Inside the Lucrative New Business of Selling AI Prompts
Here’s an interesting new business that the AI gold rush has created: “prompt” selling.
Prompt selling? Yup. Businesses are springing up that help users figure out the best queries they can pose to ChatGPT and its rapidly expanding family of AI cousins to yield the best results.
«There are people on their way to making $100,000 this year from selling prompts,» Mark (he wouldn’t give his last name), a technical writer and YouTuber, told Decrypt. He said he’s been tinkering with AI for two and a half years and now sells personalized prompts on Fiverr starting at $100 each.
Prompt Attack describes itself as an AI prompt marketplace. Image: Prompt Attack
Prompt Attack is one of a number of sites that offers a range of pre-packaged prompts for users of ChatGPT and image generators such as MidJourney and Stable Diffusion. It’s sort of like an Amazon for AI prompts with prompt products. People pay for all kinds of prompts. Are you going through a creative block? @sicshops sells prompts to generate song drafts with ChatGPT. Are you a graphic designer looking for inspiration? @ki-pfadfinder has some prompts to create all the vector logos you want using MidJourney. Is your community manager failing to generate engaging content on Linkedin? @jess has got your back.
The appeal is that for technical or extremely specific queries, users don’t need to scour the internet for free prompts or spend hours brainstorming their own. In a sense, it’s like buying a ready-made meal at the grocery store: convenient, time-saving, and requiring minimal effort.
But why though?
So why would anyone spend $100 for a better prompt? Why would anyone spend anything when ChatGPT Plus, OpenAI’s GPT4-powered version of ChatGPT, only costs $20 a month for 25 prompts every three hours?
It turns out that writing a prompt for graphics design, in which the artist is looking for a very specific type of image, is one area that requires a lot of technical knowledge that many graphic artists don’t have.
Once trained, an AI requires a few things to work: a prompt, a seed—which is a random number that determines the initial conditions used by the model to achieve its results—and some technical processing parameters (temperature, classifier guidance, sampler, processing steps, etc).
The prompt is how humans communicate with machines, telling the model what to conjure up. The way in which the words are selected and distributed, the elaboration of the idea, and other parameters weigh heavily when determining a result. It is not the same for a machine to be told to paint a landscape with a beautiful woman as it is to be told to paint a beautiful woman in a landscape.
For instance, consider the following results:
Images generated by Decrypt with Stable Diffusion, using different prompts.
The prompt for the picture on the left is: “photo of beautiful woman, steampunk, digital painting, by greg rutkowski, 8k (film grain), ISO, color photograph, ginger long flipping hair, realistic skin texture, detailed face, freckles, ((full body)), wearing gloves high heels and open fur coat, winter, covered in snow, bokeh, winter, snowfall, frozen, dramatic sunset, crowded street, traffic, pedestrians, crossroads”—including a pretty long negative prompt.
The prompt for the picture on the right is: «photo of a beautiful woman posing in a street during the winter night.»
So, it’s not crazy that those who spend time doing some digital alchemy to find an award-winning prompt might also be interested in monetizing their efforts. «Good prompts can sometimes (lead to) more creative or better results,» K, the pseudonym behind the YouTube channel Aitrepreneur, told Decrypt. «Moreover, when people are short on time, they might just want to buy prompts instead of searching the net or making their own.”
Anyone can paint, but few can create a masterpiece. Similarly, many can ask ChatGPT or Stable Diffusion to do something, but few can achieve the results they imagine—and that’s when prompt engineers enter the scene. «I know people who have spent thousands of hours using ChatGPT over the last five months. The average casual user can’t begin to do the things those people are doing,» Mark said.

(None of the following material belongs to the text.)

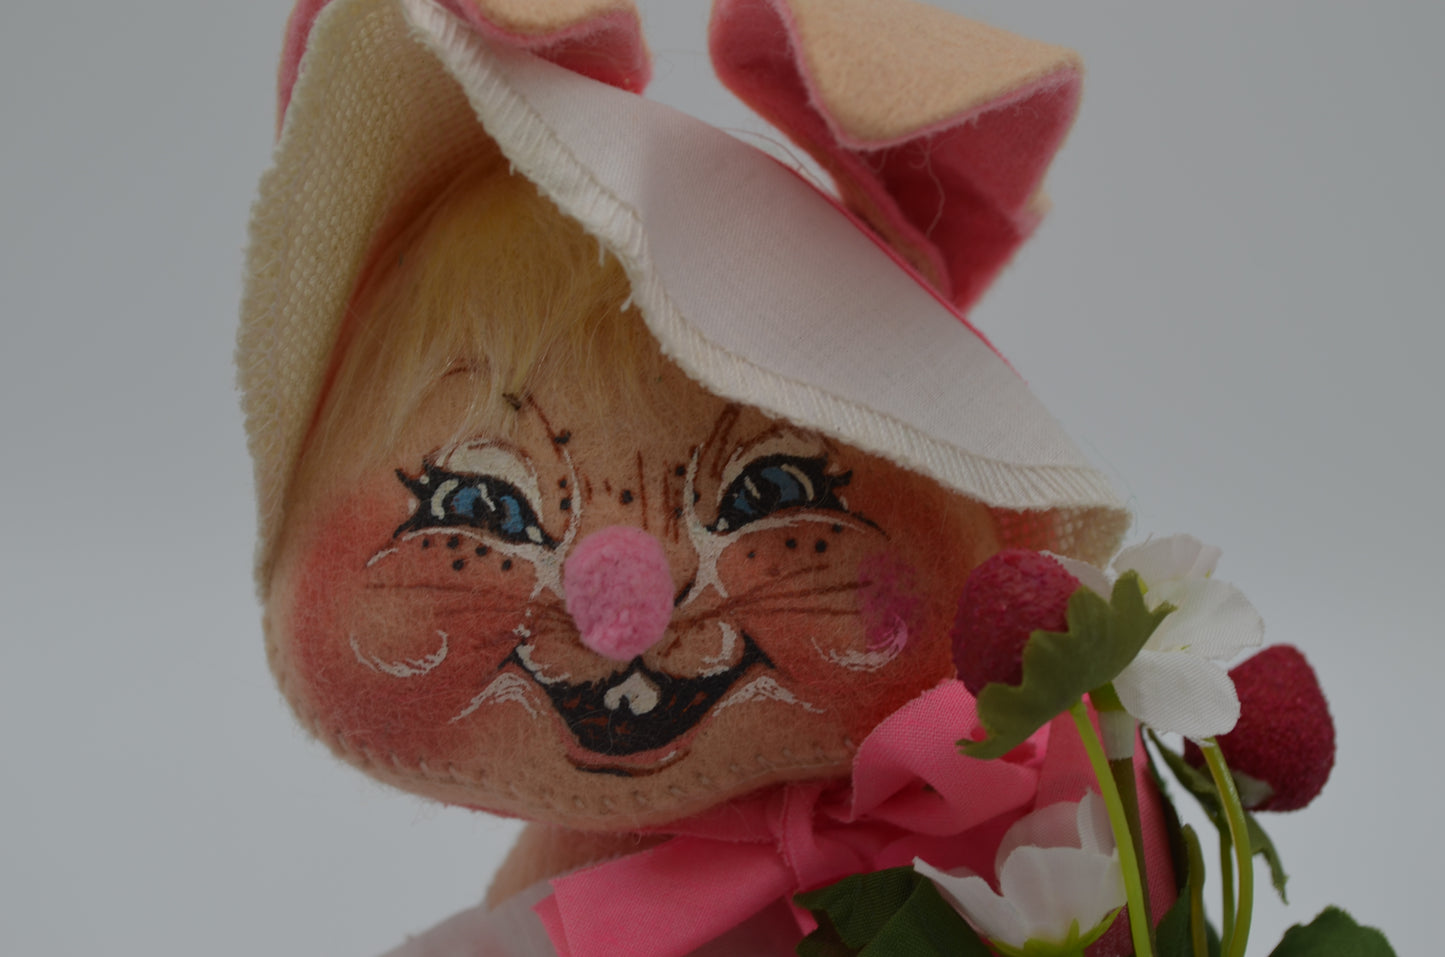 10" Country Girl Bunny with Flowers 065089 Annalee

Yet, this phenomenon doesn’t stop at simple prompt marketplaces. The entrepreneurial spirit has driven some individuals to offer full-fledged courses and workshops on crafting effective AI prompts. These savvy sellers are tapping into the desire for expertise, offering paid courses to help users make the most of their AI experience. It’s no longer just about providing the prompts but about teaching users the art of creating them.

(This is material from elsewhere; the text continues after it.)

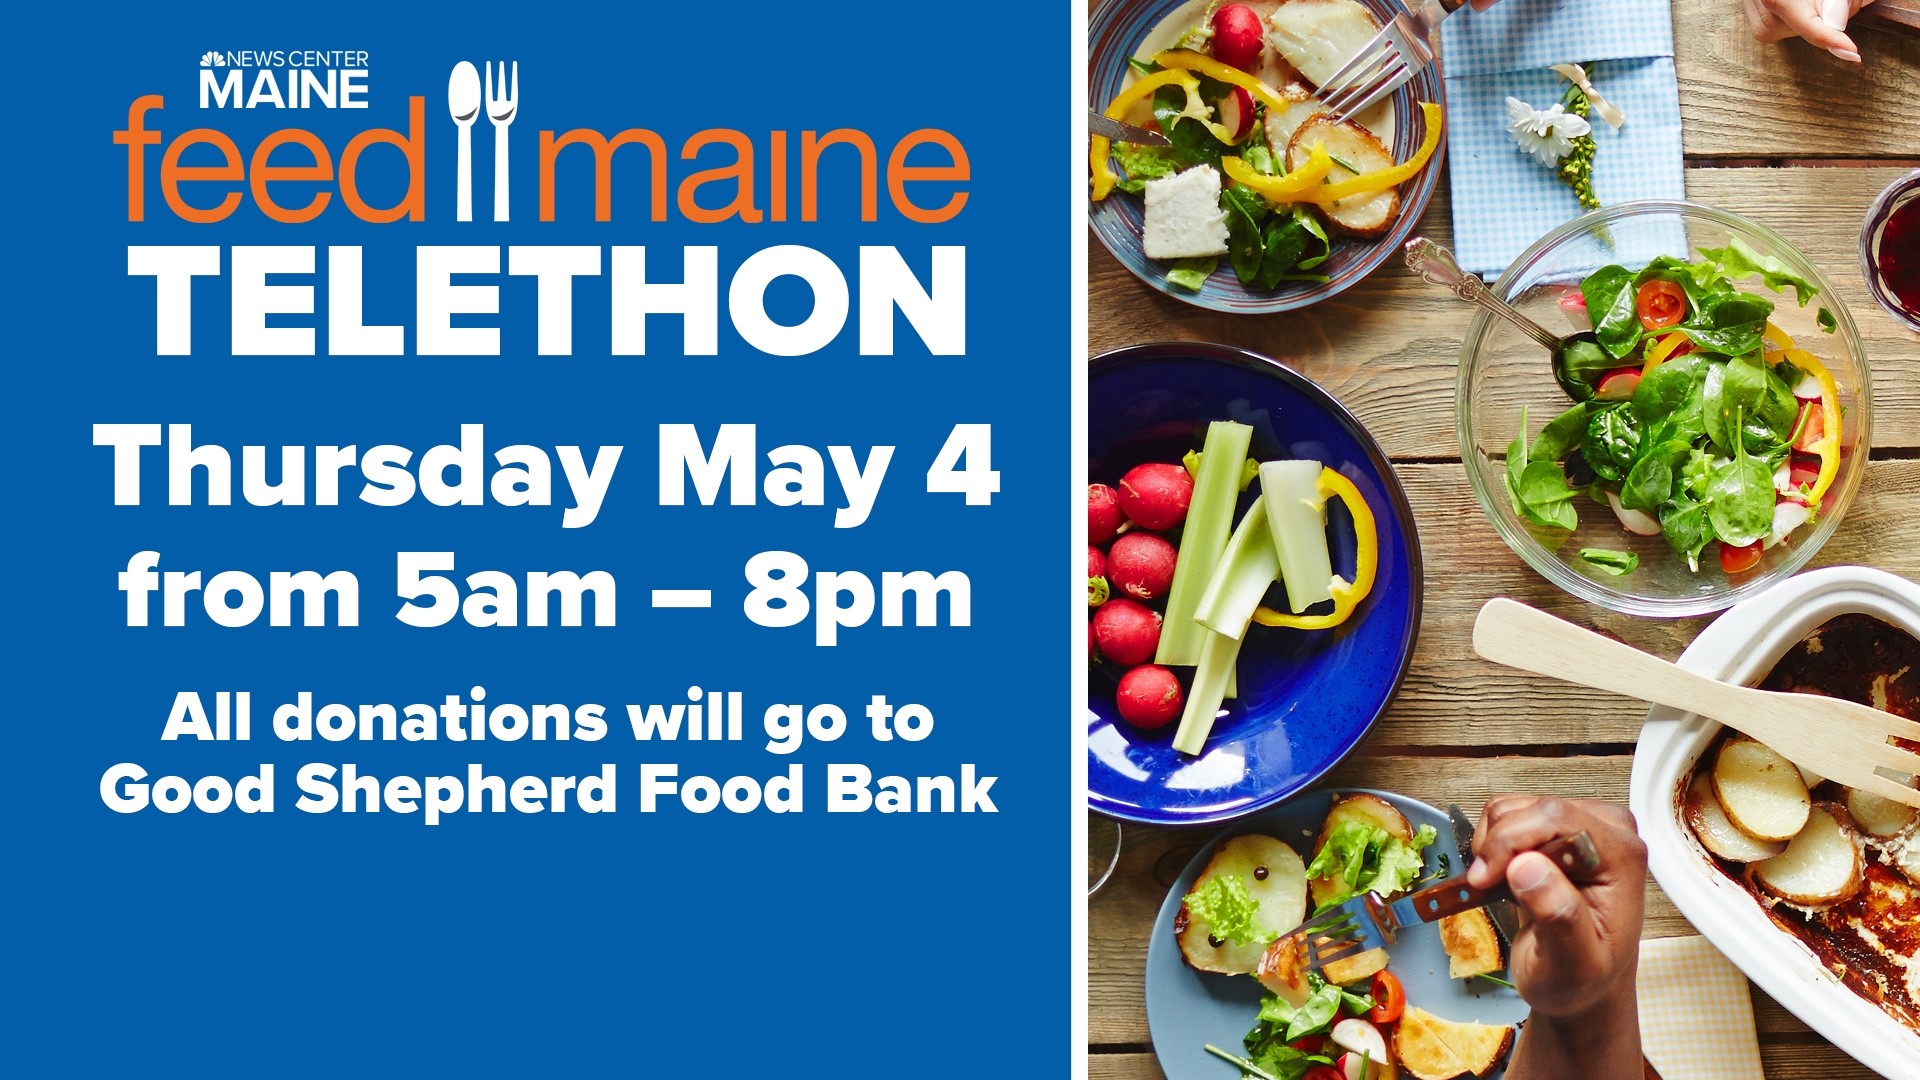 The telethon is on May 4 from 5 a.m. to 8 p.m. All donations go to the Good Shepherd Food Bank to help feed Mainers in need.

Udemy offers «prompt engineering» courses. Image: Udemy
The Future of Prompt Marketing
Mark said he envisions a future with “prompt engineers for every field.” As a job, prompt engineering requires a specific set of skills, “there are many levels to it,” he said.
But K, of AItrepreneur, isn’t so sure that the pay-for-prompts business is sustainable: “As people become more familiar with AI tools, they’ll likely learn how to create effective prompts on their own.” In fact, one of the cool things ChatGPT can do is help you craft your own query. If you’re ever stumped, try it.